▸ **YOUR INSTRUCTIONS**
Every entry in the data is to be written out exactly; no picture belongs in the copy.

[[ RECORDS FOR THIS EXERCISE, beginning ]]

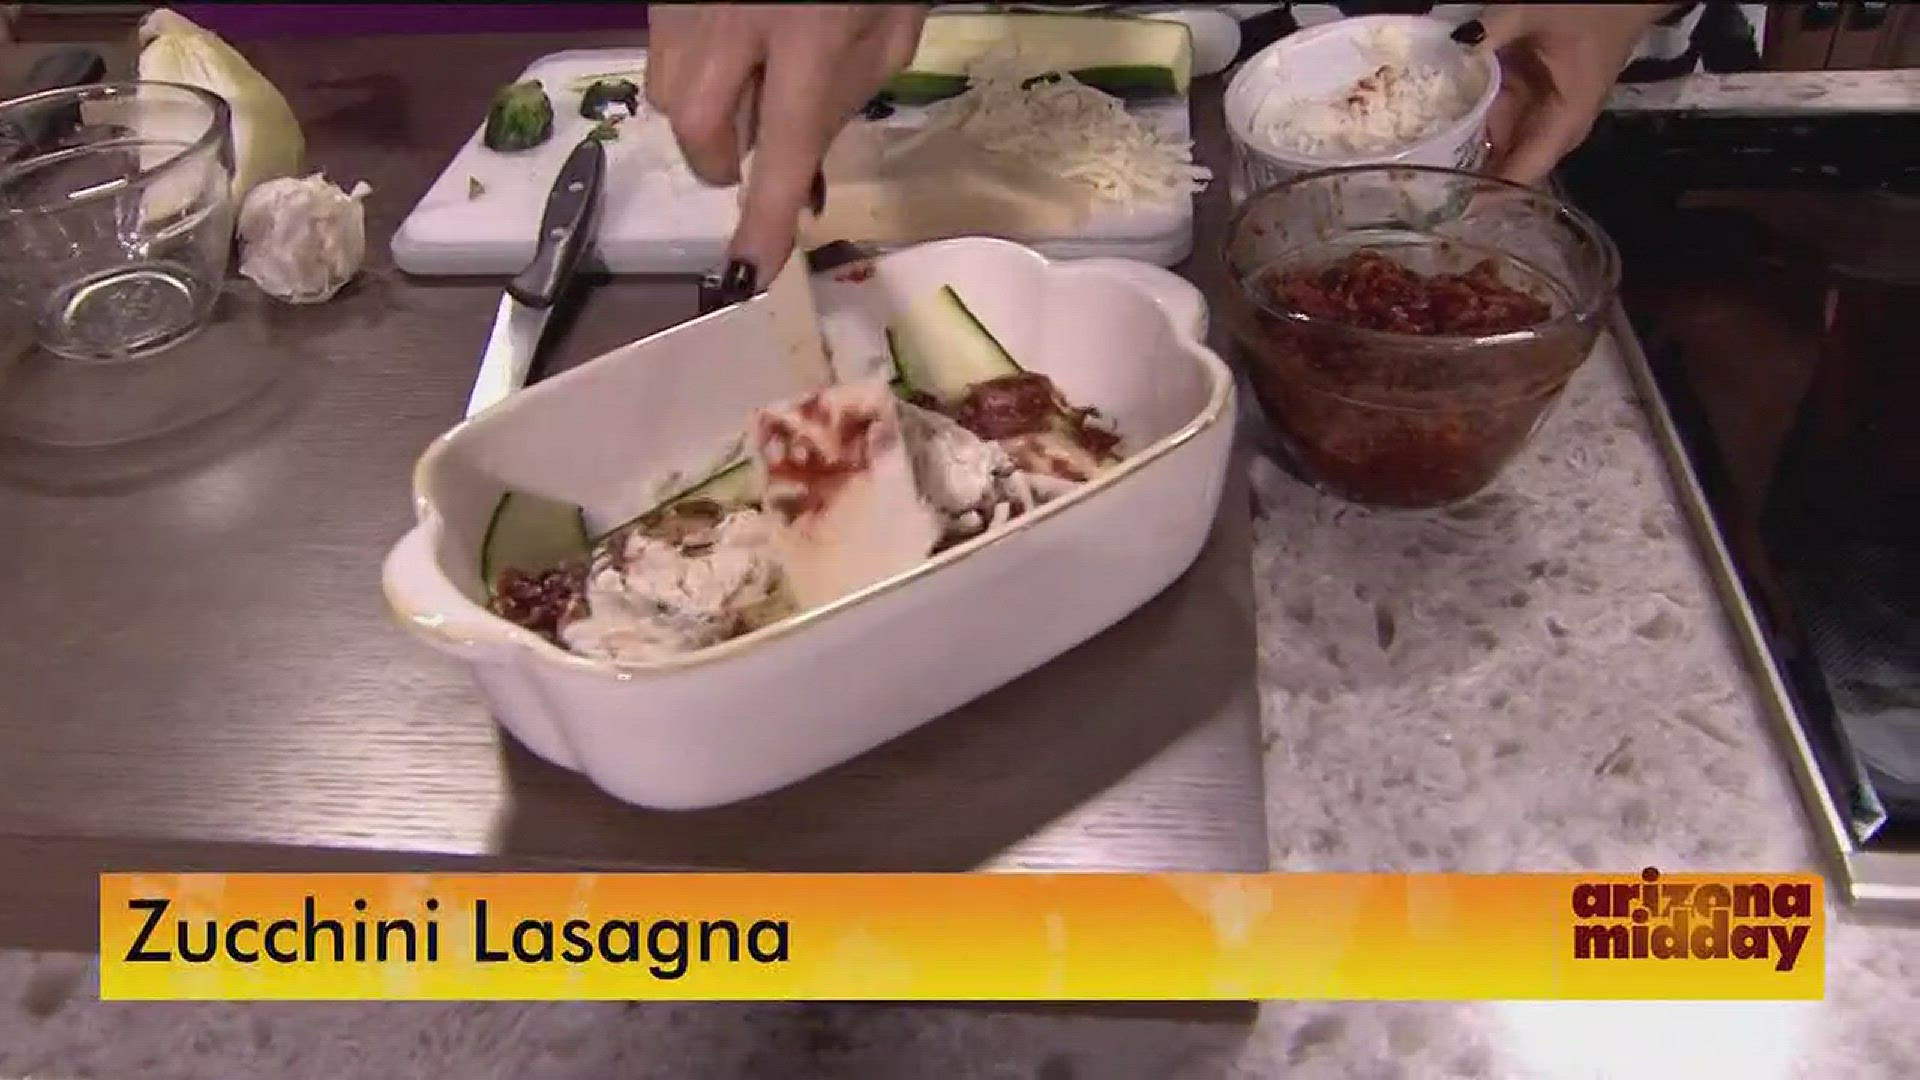 Low lasagna but want to cut down on carbs? Chef Trudy Maples has a recipe for zucchini lasagna to try.
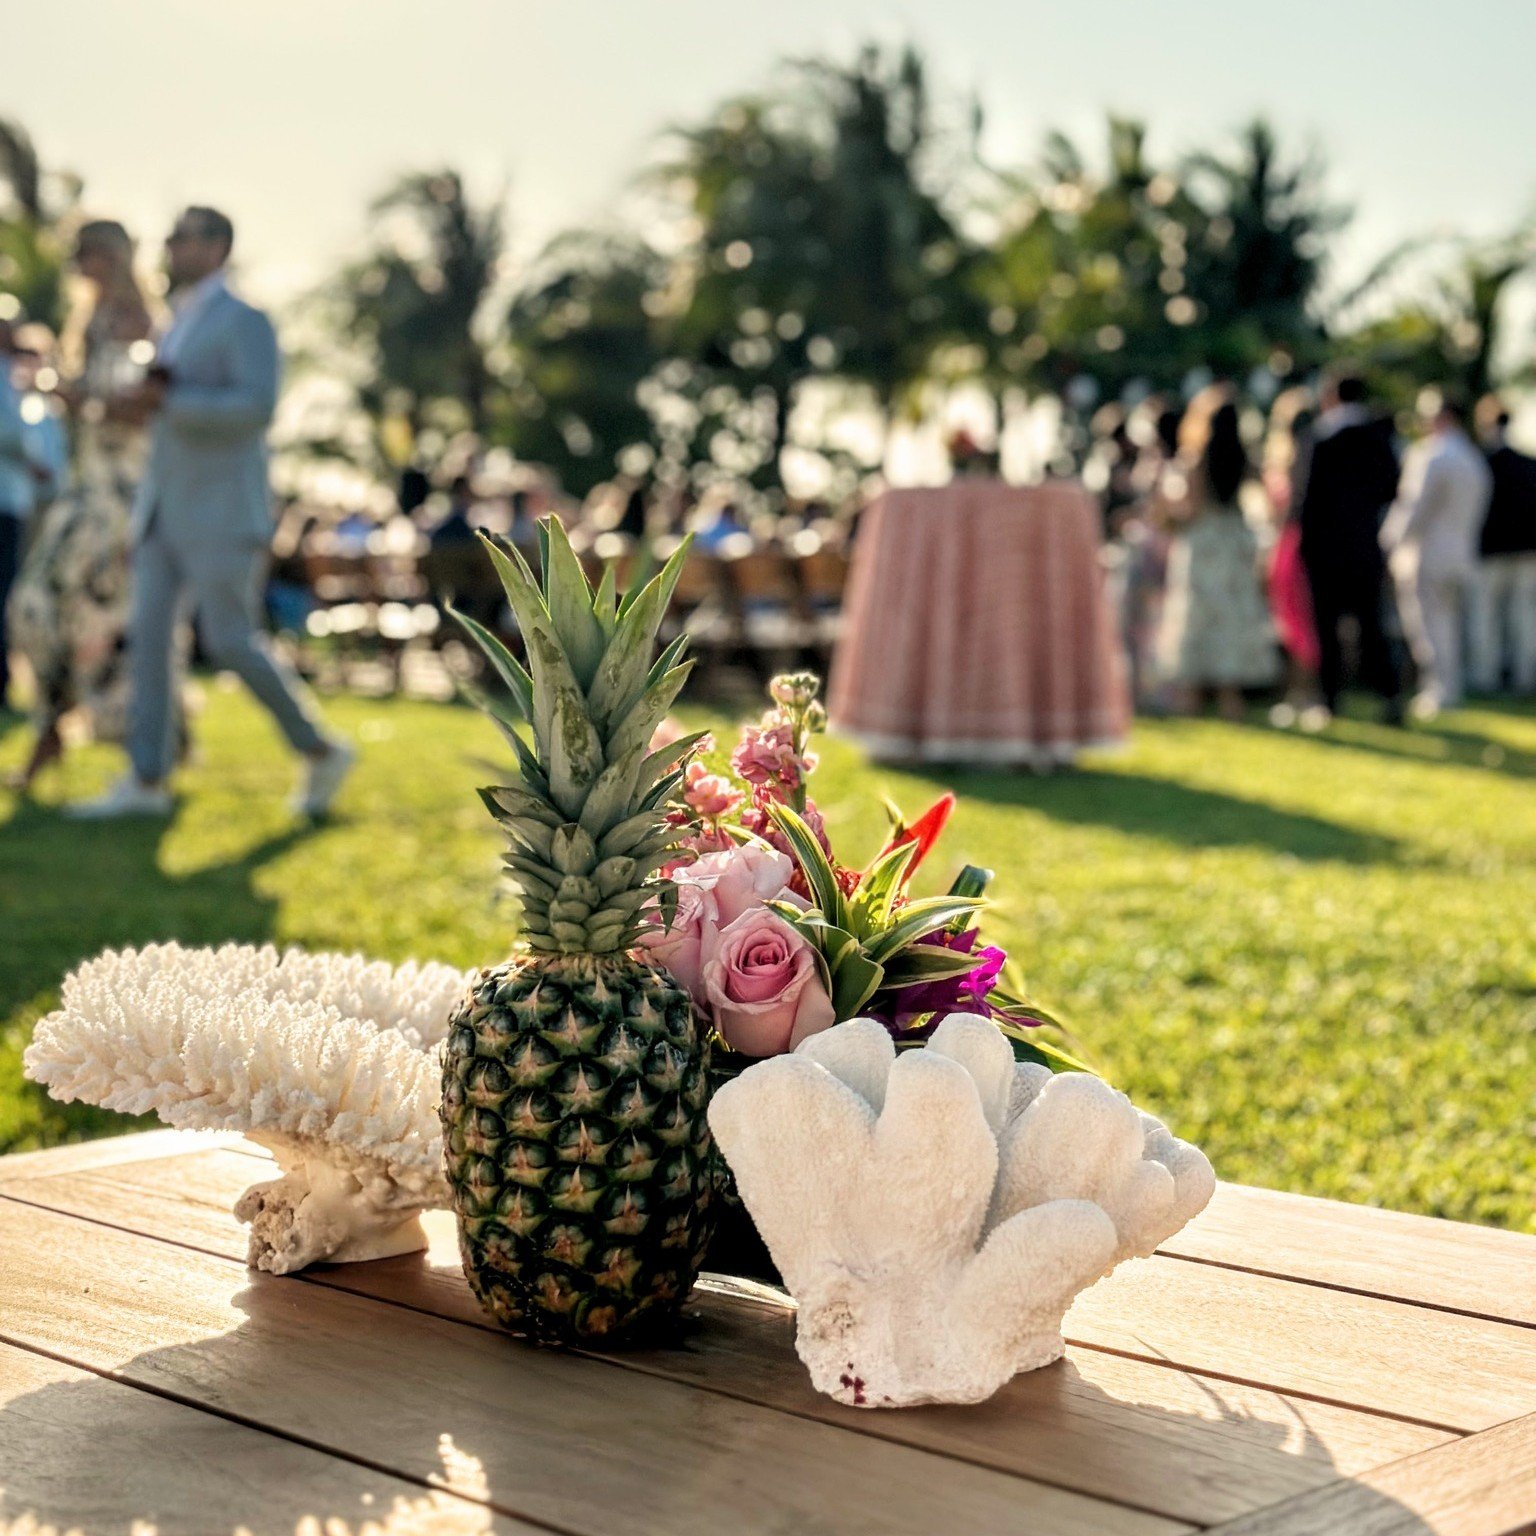 Bahamas Wedding Tip #6 : When In The Bahamas...☀️🦜

Embrace the tropical beauty of The Bahamas with your wedding decor and theme. Think lush greenery, seashells, and vibrant local blooms to create an unforgettable  atmosphere.
.
.
.
.
.
.
.
.
#weddi

[[ RECORDS FOR THIS EXERCISE, end ]]

▸ **RESPONSE TO THE TASK**
 Low lasagna but want to cut down on carbs? Chef Trudy Maples has a recipe for zucchini lasagna to try.
 Bahamas Wedding Tip #6 : When In The Bahamas...☀️🦜

Embrace the tropical beauty of The Bahamas with your wedding decor and theme. Think lush greenery, seashells, and vibrant local blooms to create an unforgettable  atmosphere.
.
.
.
.
.
.
.
.
#weddi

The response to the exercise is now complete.